== Segment start ==

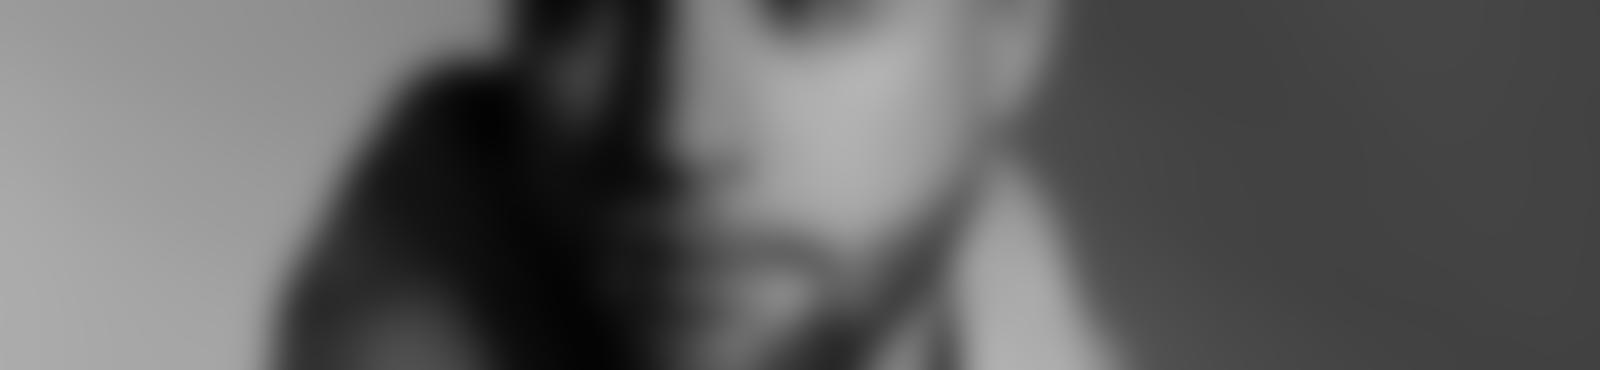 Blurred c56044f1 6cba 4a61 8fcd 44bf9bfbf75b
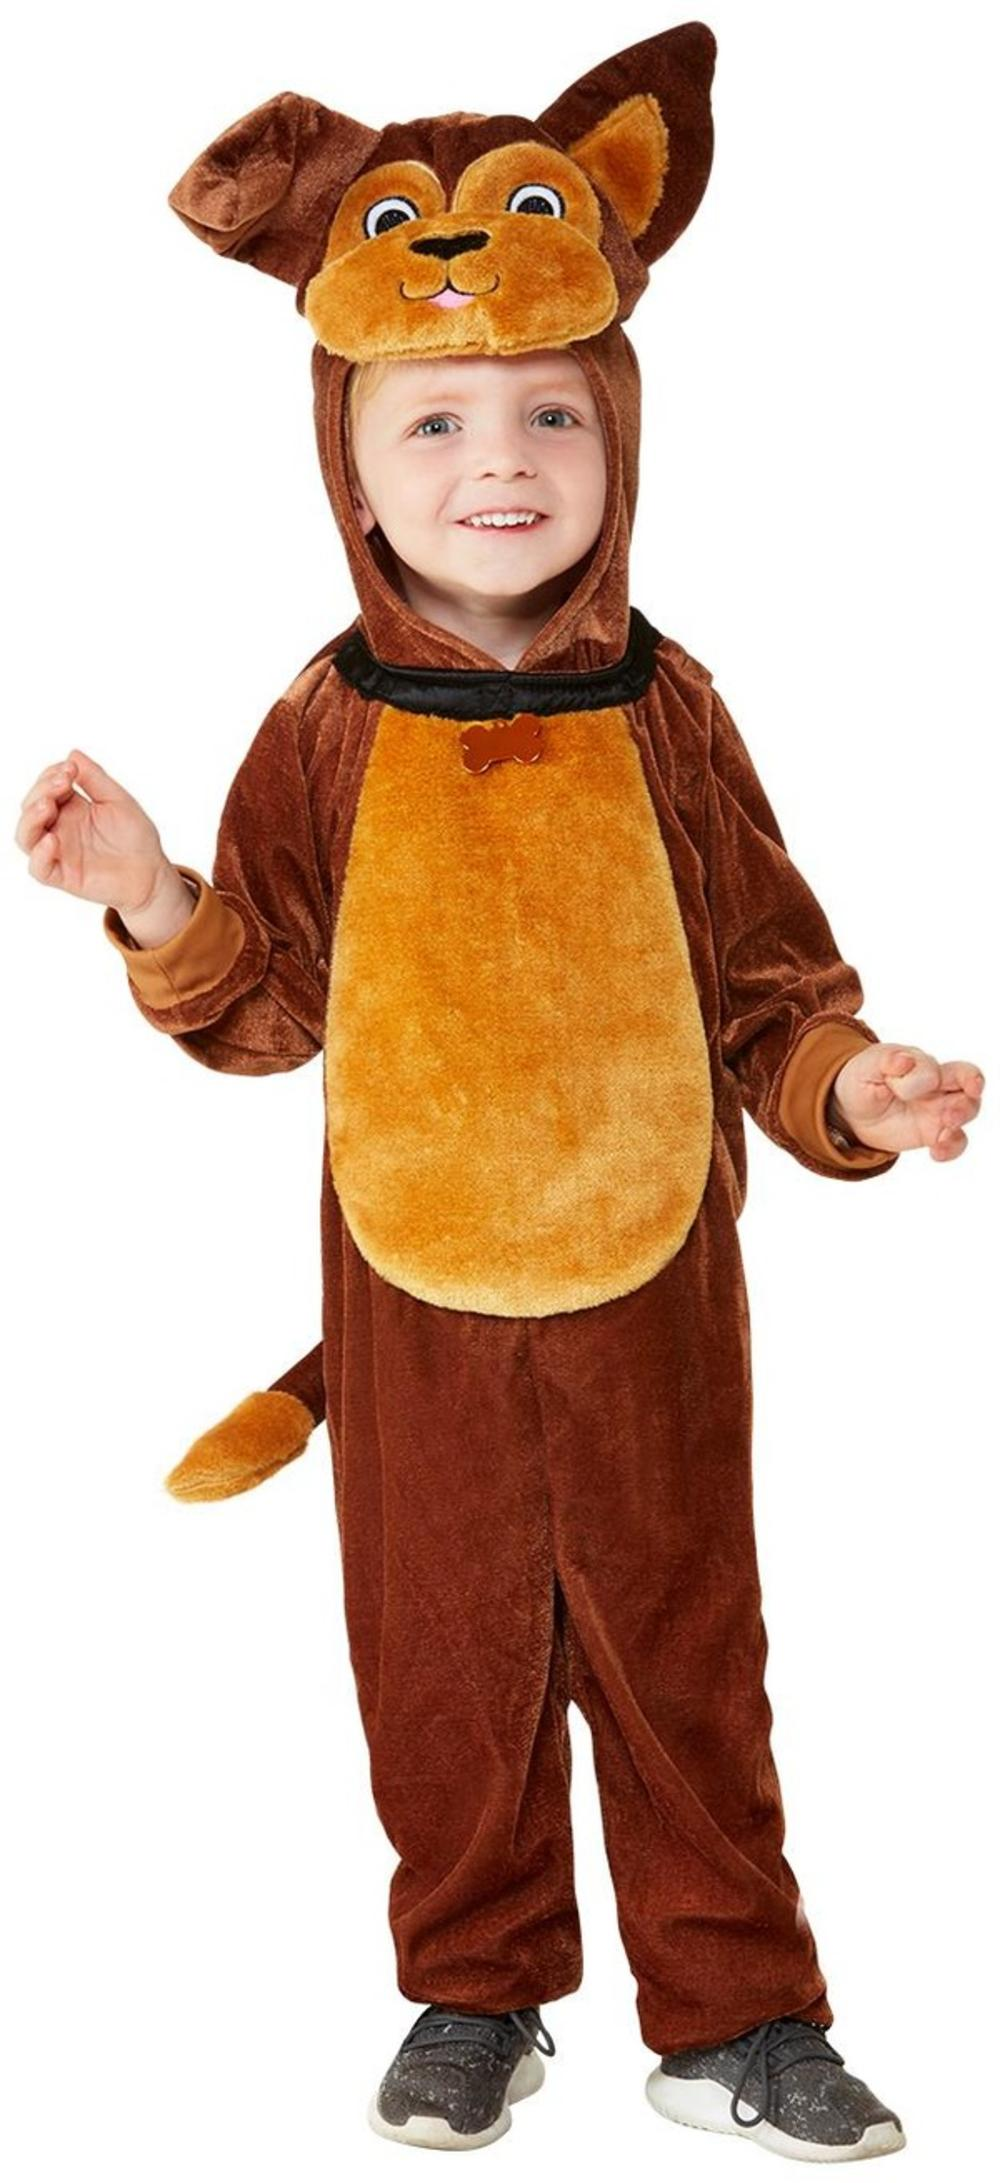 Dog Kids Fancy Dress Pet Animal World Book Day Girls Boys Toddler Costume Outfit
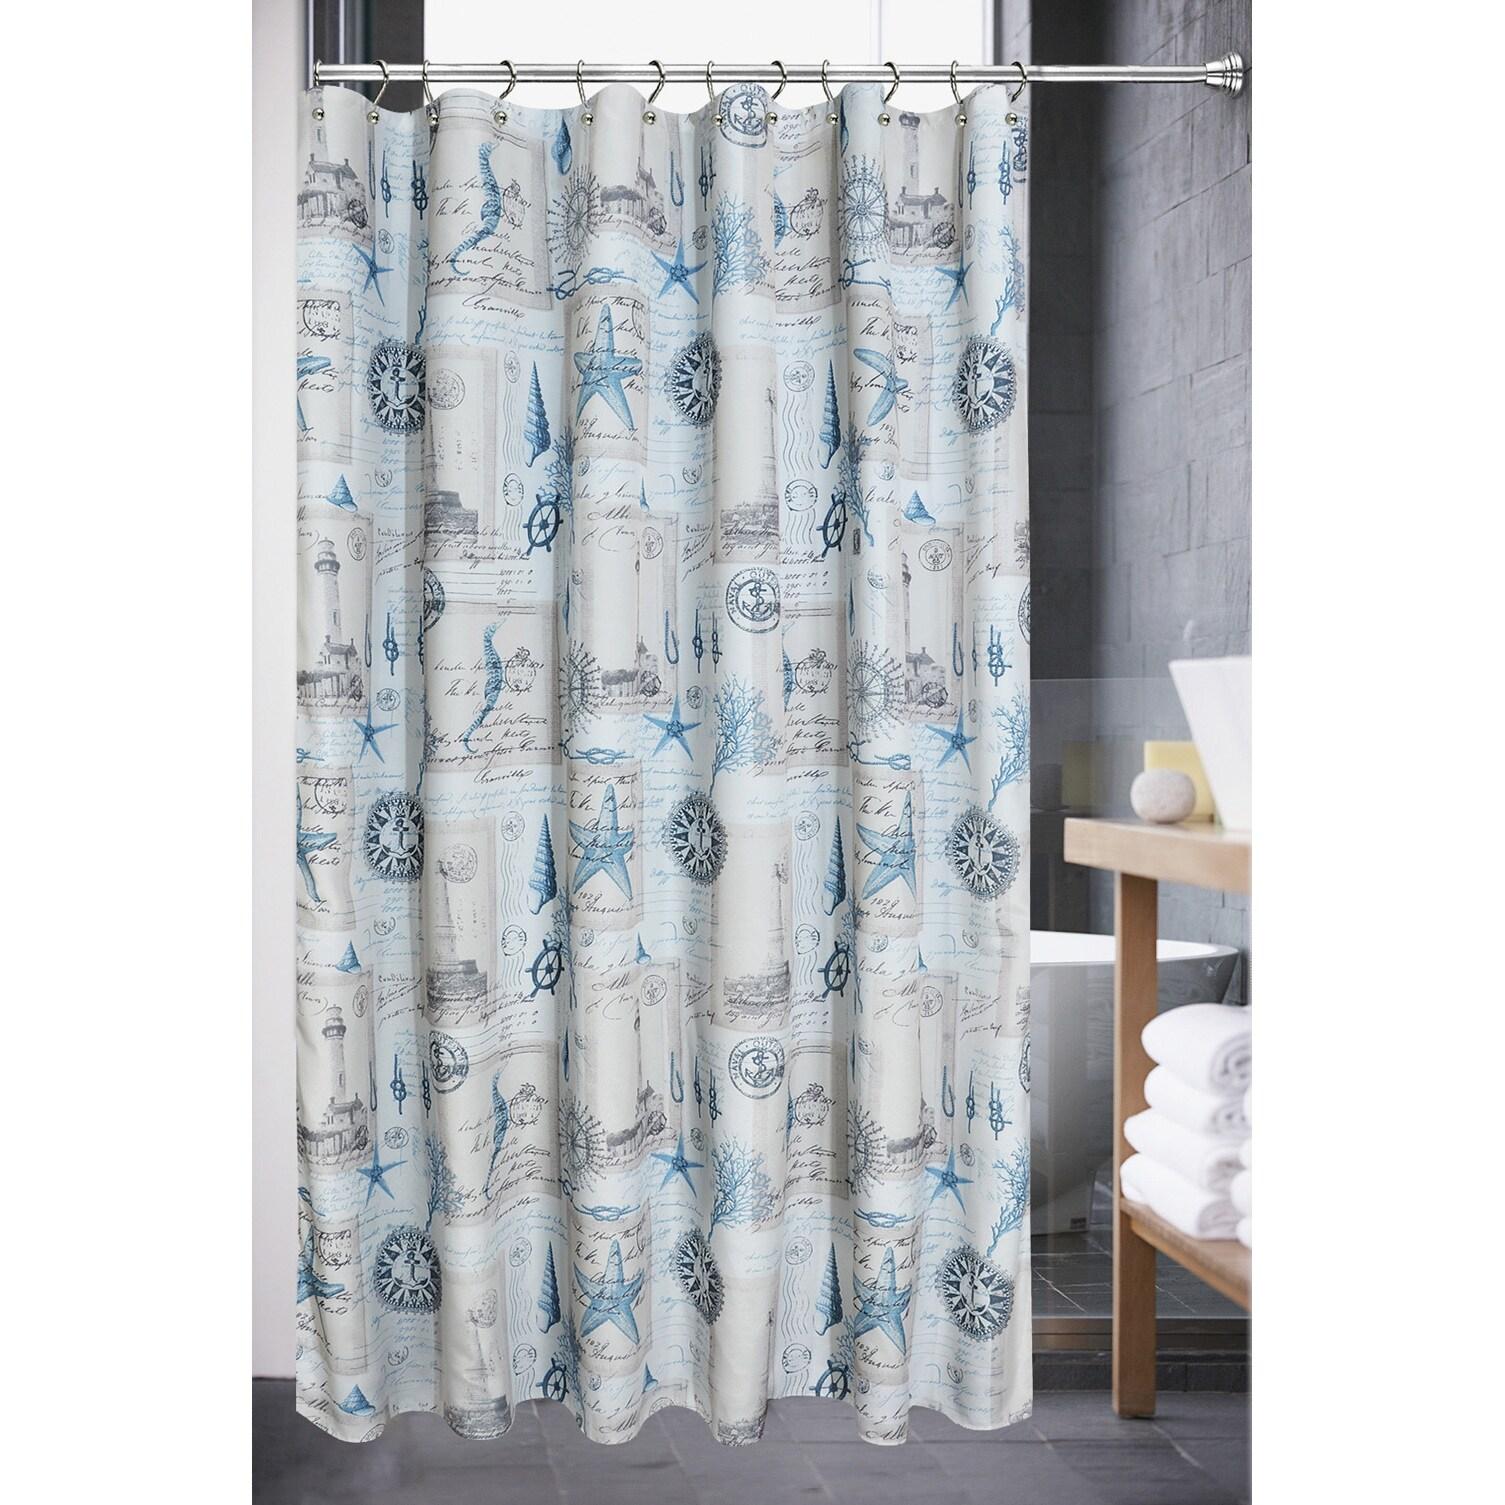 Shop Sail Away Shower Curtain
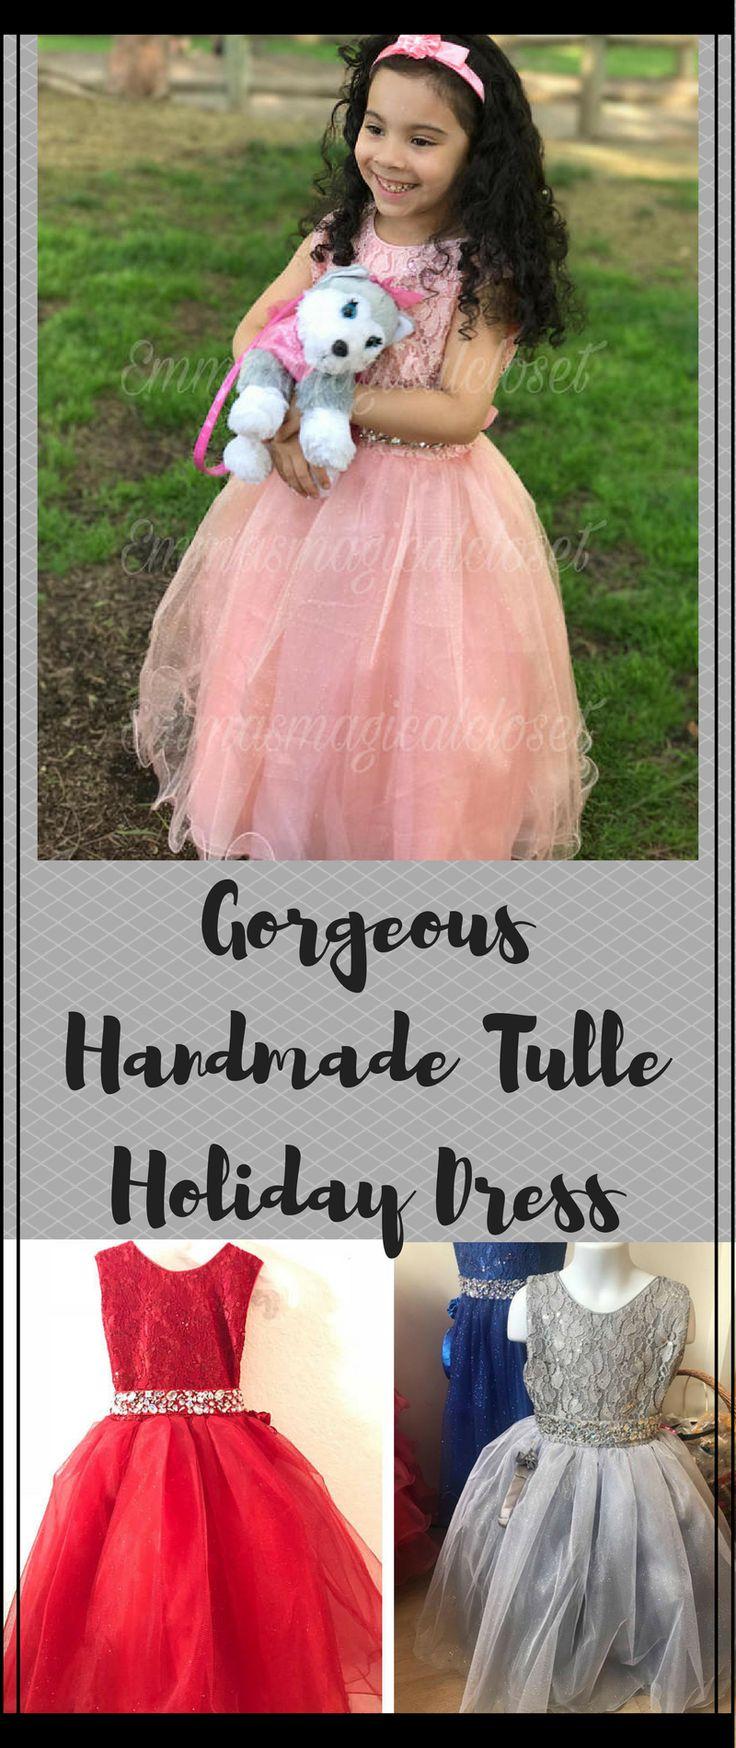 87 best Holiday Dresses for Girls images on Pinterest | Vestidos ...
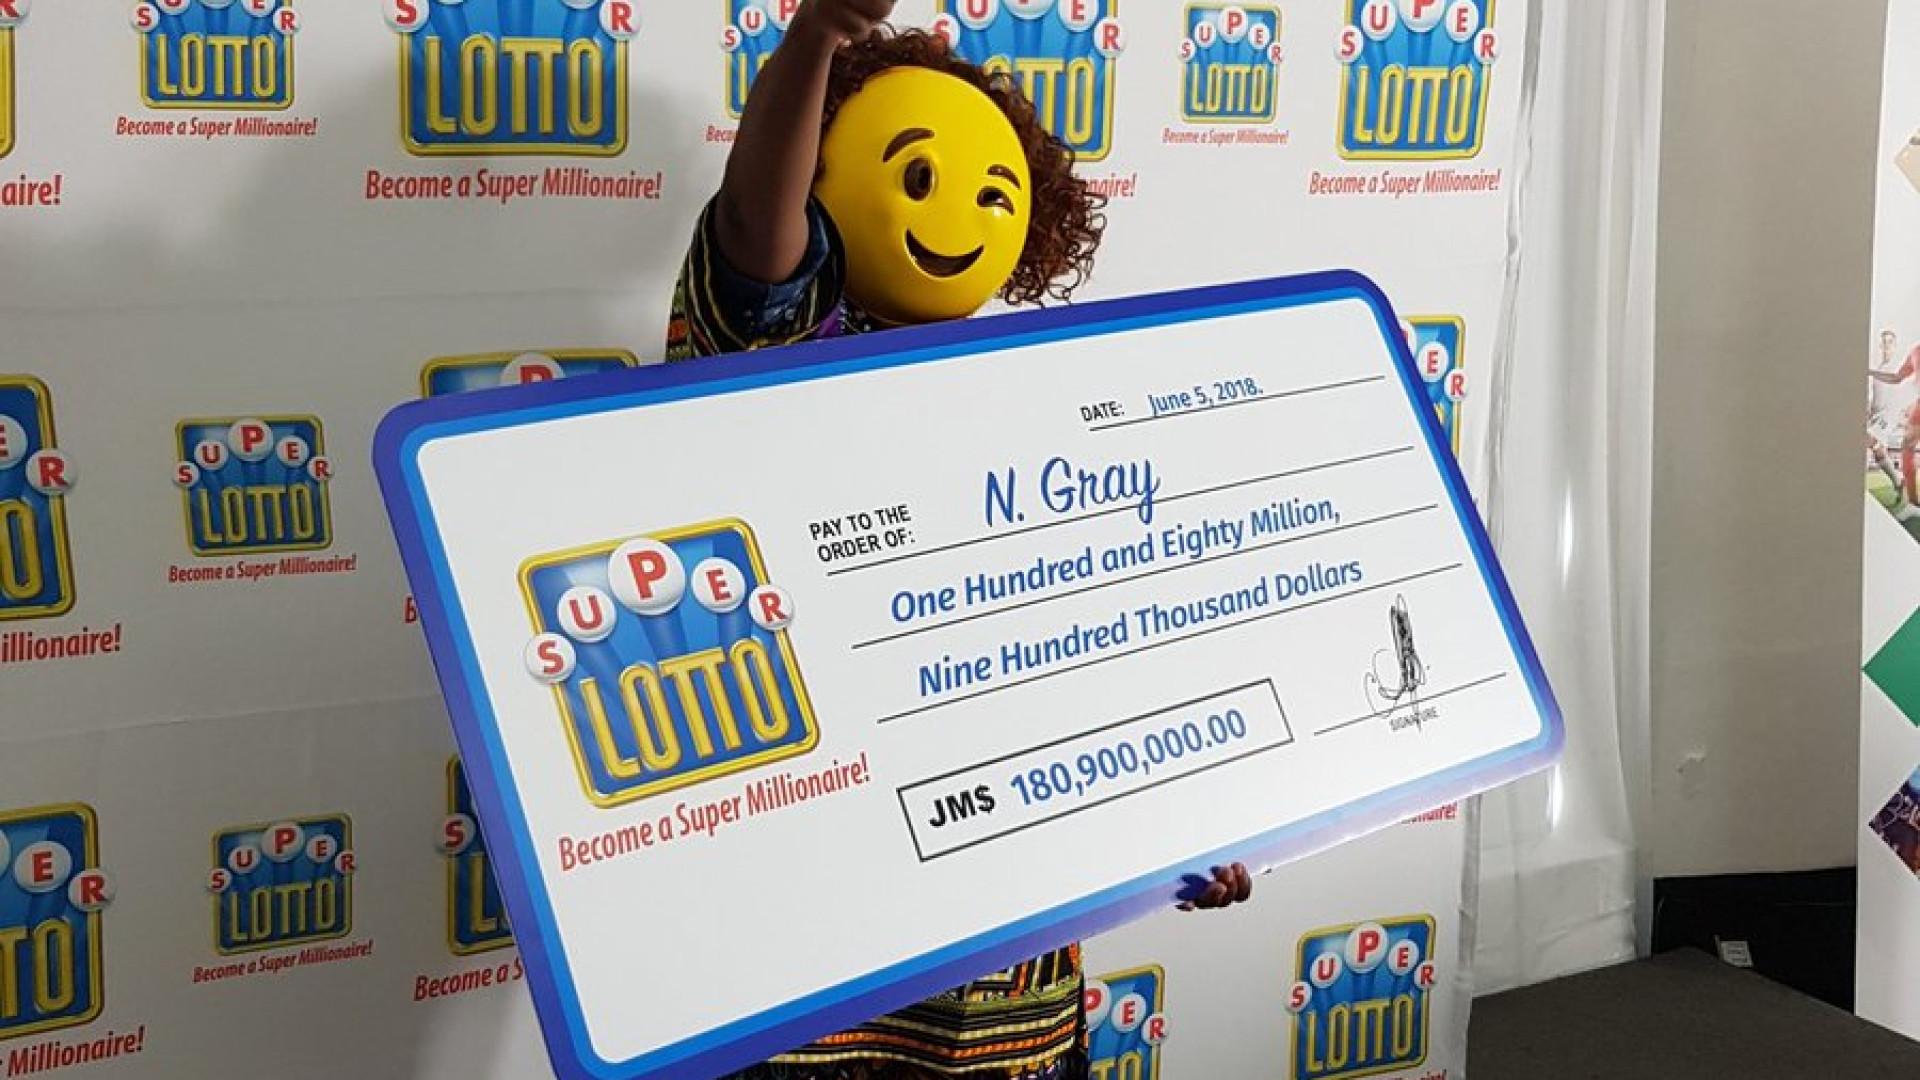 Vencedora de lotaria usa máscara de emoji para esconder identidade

== Segment end ==

▶ WORK INSTRUCTION: Please copy the data above exactly; the pictures do not belong in the copy.

▶ THE ANSWER:
 Blurred c56044f1 6cba 4a61 8fcd 44bf9bfbf75b
 Dog Kids Fancy Dress Pet Animal World Book Day Girls Boys Toddler Costume Outfit
 Shop Sail Away Shower Curtain
 87 best Holiday Dresses for Girls images on Pinterest | Vestidos ...
 Vencedora de lotaria usa máscara de emoji para esconder identidade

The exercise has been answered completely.